__AIM OF THE EXERCISE__: Only the lines from the one that contains "Hanna Nikole Plus" through the last line of the data below should be duplicated, exactly and without pictures.

__RAW DATA__:
- - -
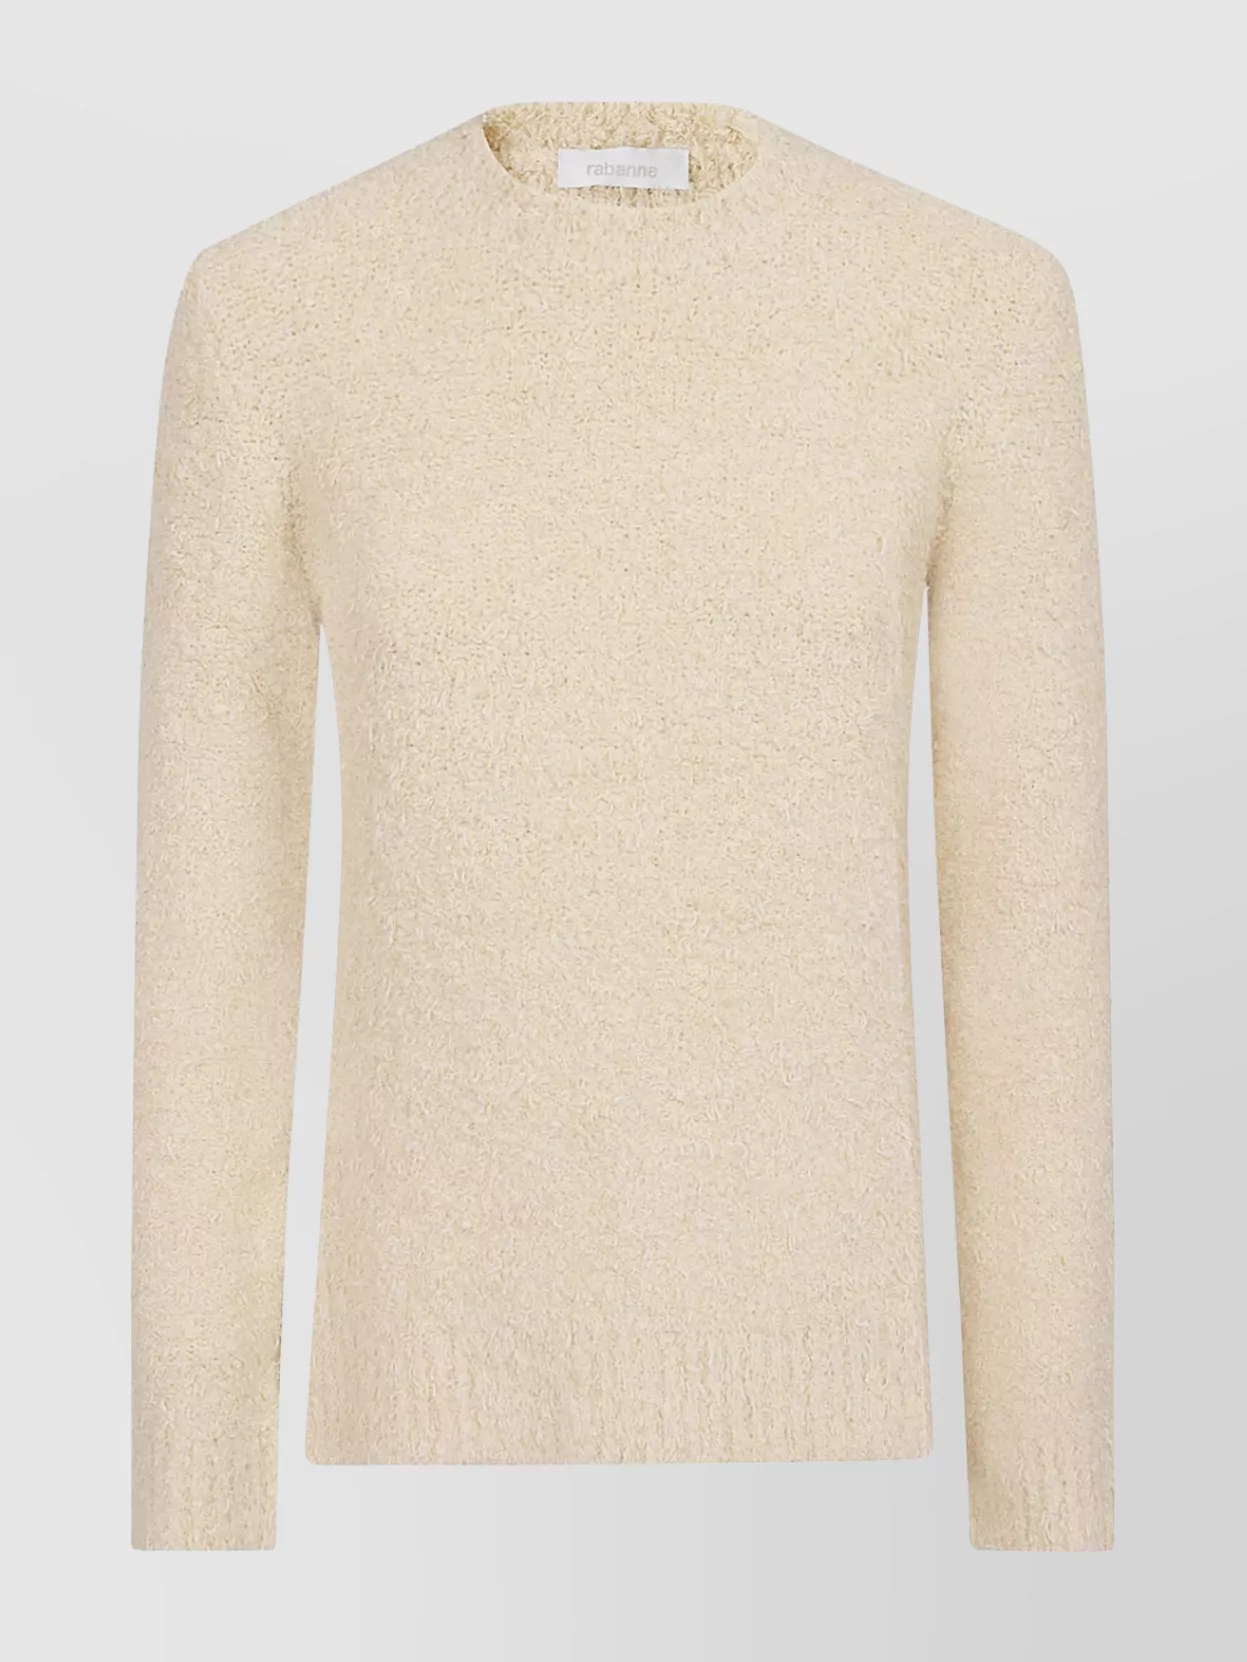 Shop Rabanne Knit Crew Neck Sweater Textured Ribbed
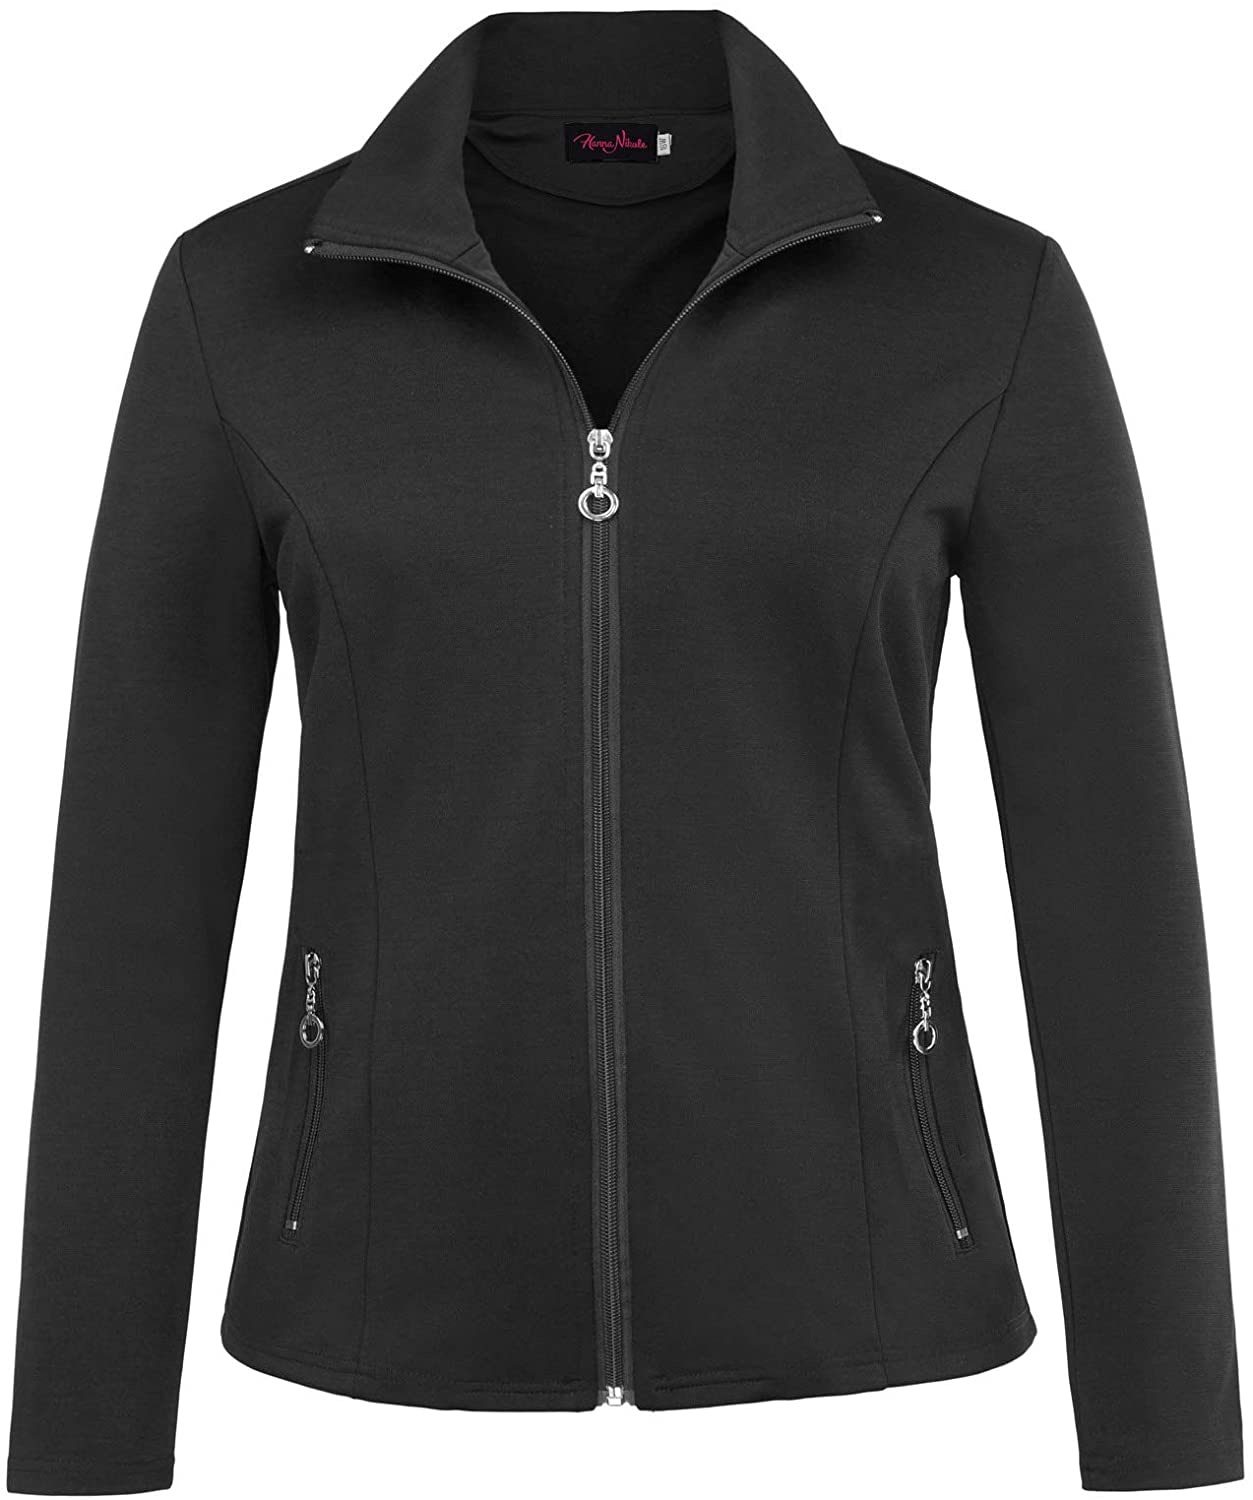 Hanna Nikole Plus Size Running Jackets for Women Full Zip with Thumb Holes 
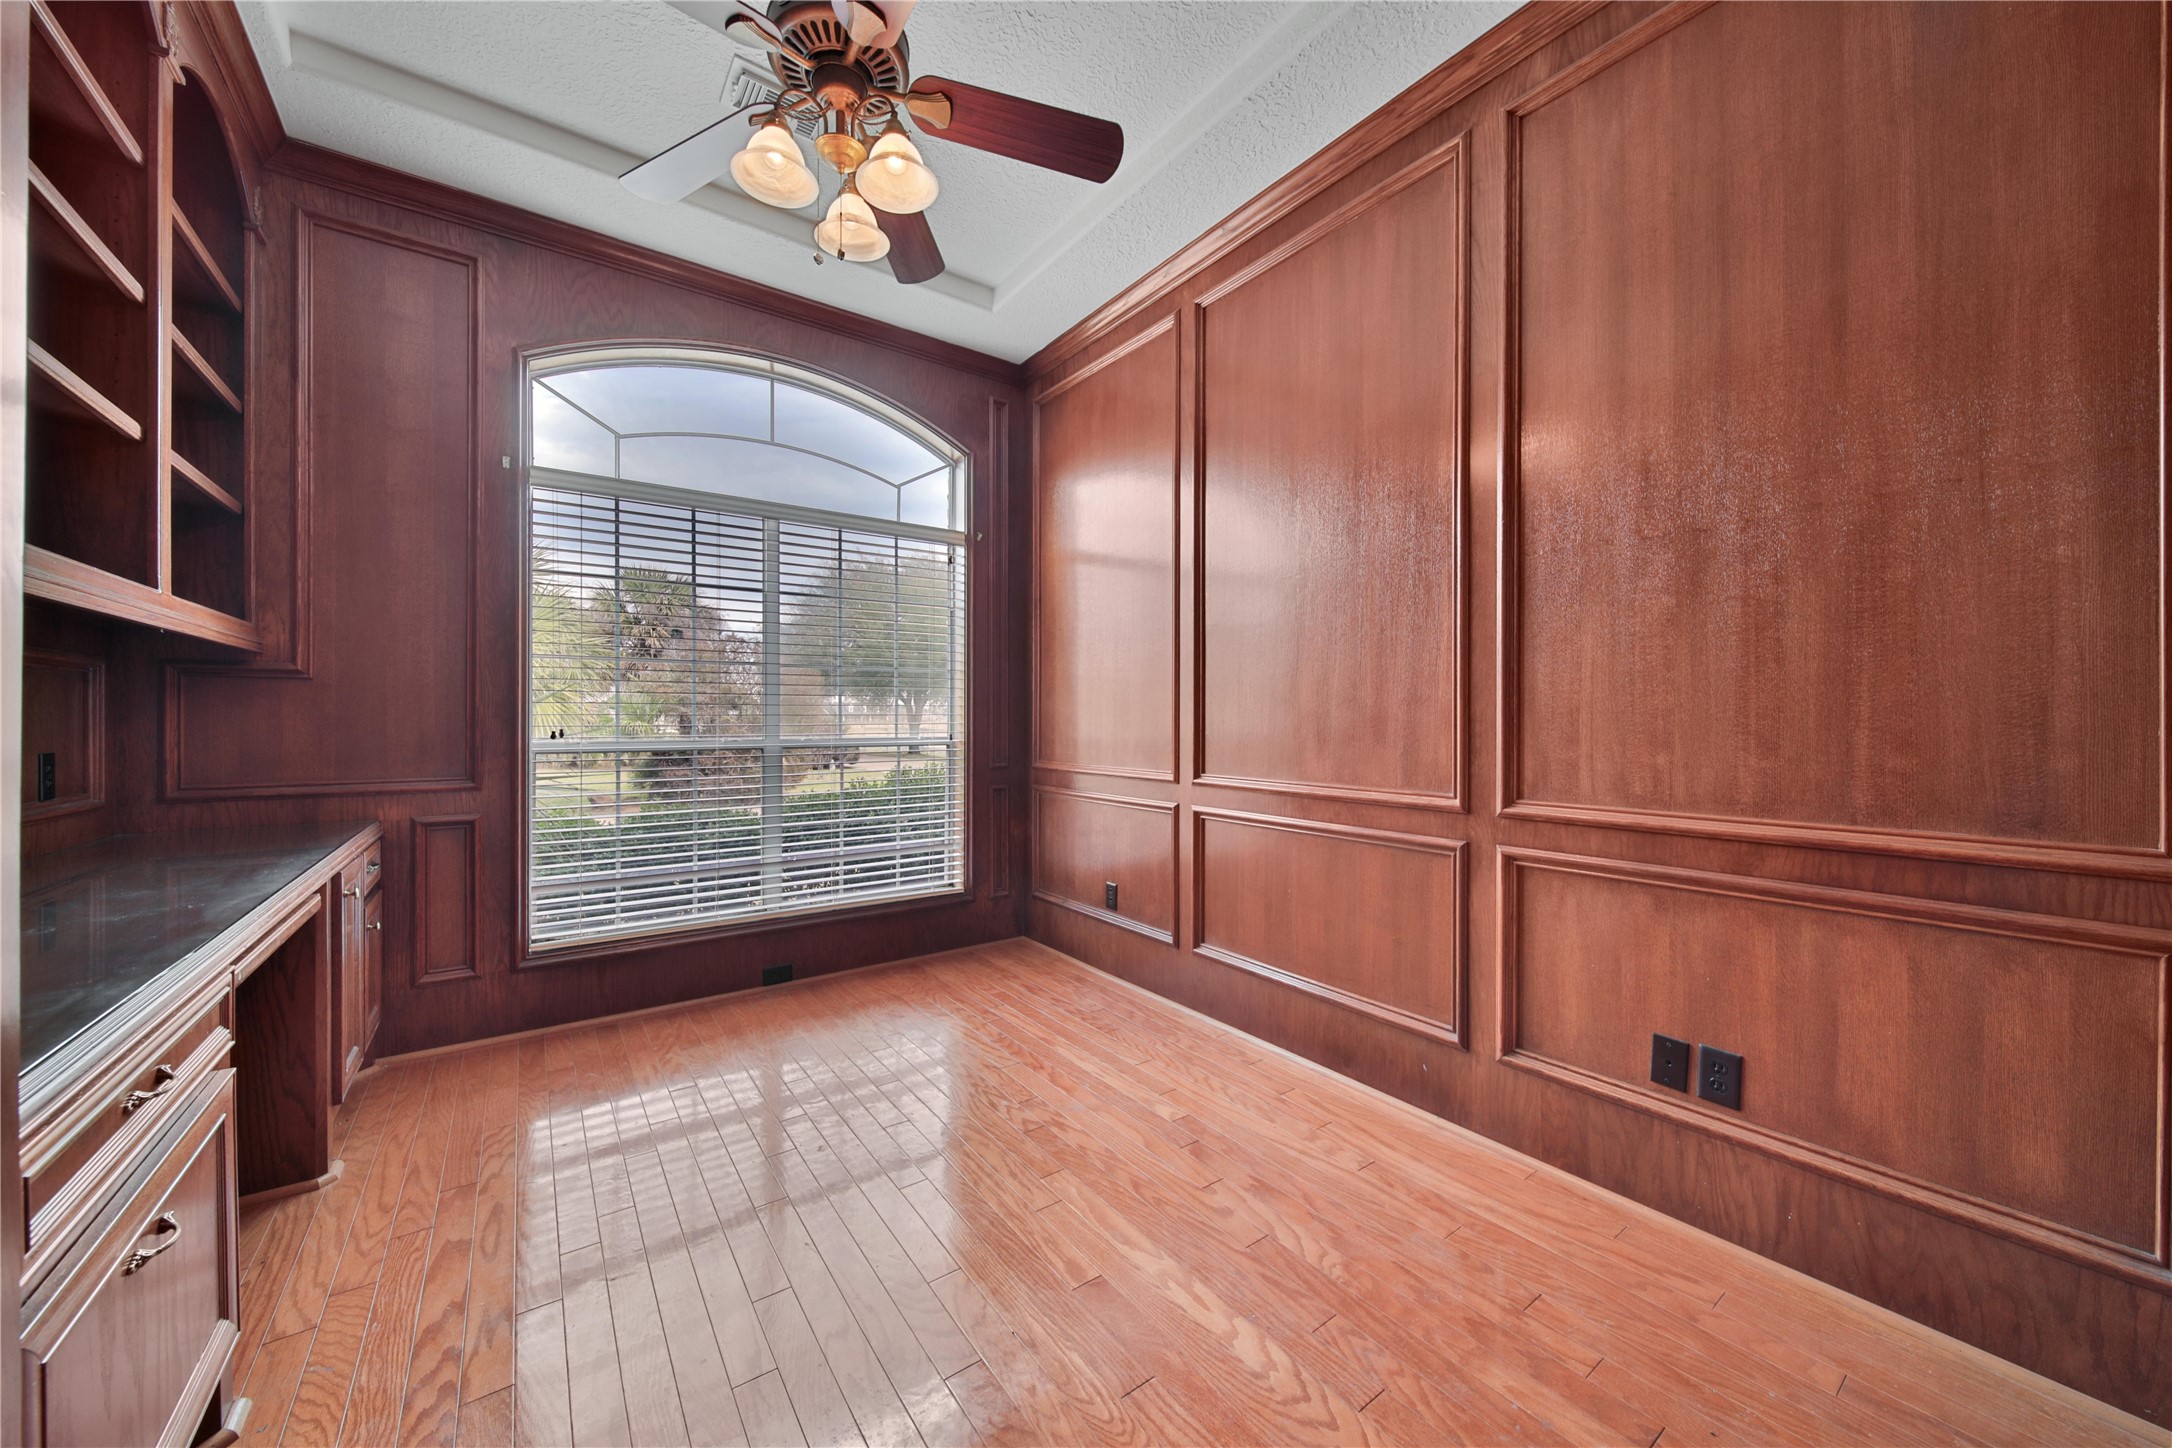 Study with double french glass doors, built in desk and wood paneling.
- - -
__RESULT OF THIS EXERCISE__:
 Hanna Nikole Plus Size Running Jackets for Women Full Zip with Thumb Holes 
 Study with double french glass doors, built in desk and wood paneling.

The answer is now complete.